Sensatamente, no deberíamos hacer del precioso placer de la lectura, nuestra fuente inagotable de resentimiento. Es probable que los fundamentalistas de la lectura me reprochen la siguiente expresión provocativa formulada en forma de pregunta: ¿Qué nos importa, o por qué nos importa tanto, que si después de poner todo nuestro empeño o nuestro oficio profesional en tratar de "formar" lectores, constatamos que hay muchas personas a las que no les interesa en absoluto la lectura de libros como una acendrada costumbre y a veces ni siquiera como un pasatiempo ocasional?

Es una pregunta políticamente incorrecta, porque formulada así, con sinceridad, da la impresión de que no nos importa el bien del género humano.

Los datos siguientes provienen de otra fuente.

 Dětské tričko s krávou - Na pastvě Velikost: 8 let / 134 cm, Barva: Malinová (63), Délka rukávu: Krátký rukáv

Pero, en realidad, lo que molesta (lo he comprobado) tanto en la pregunta como en el móvil de la pregunta, no es tanto el bien del género humano sino nuestro personal fracaso. Si no fuese así, ¿por qué nos lo reprochamos y se lo reprochamos a los demás? Si, después de todo, la gente no quiere leer, allá ella. Nosotros ya hicimos nuestro esfuerzo, en el mejor de los casos, gentil. Y si no tuvimos éxito es porque equivocamos la estrategia o porque no todo el mundo desea ser lector de libros, y su derecho le asiste.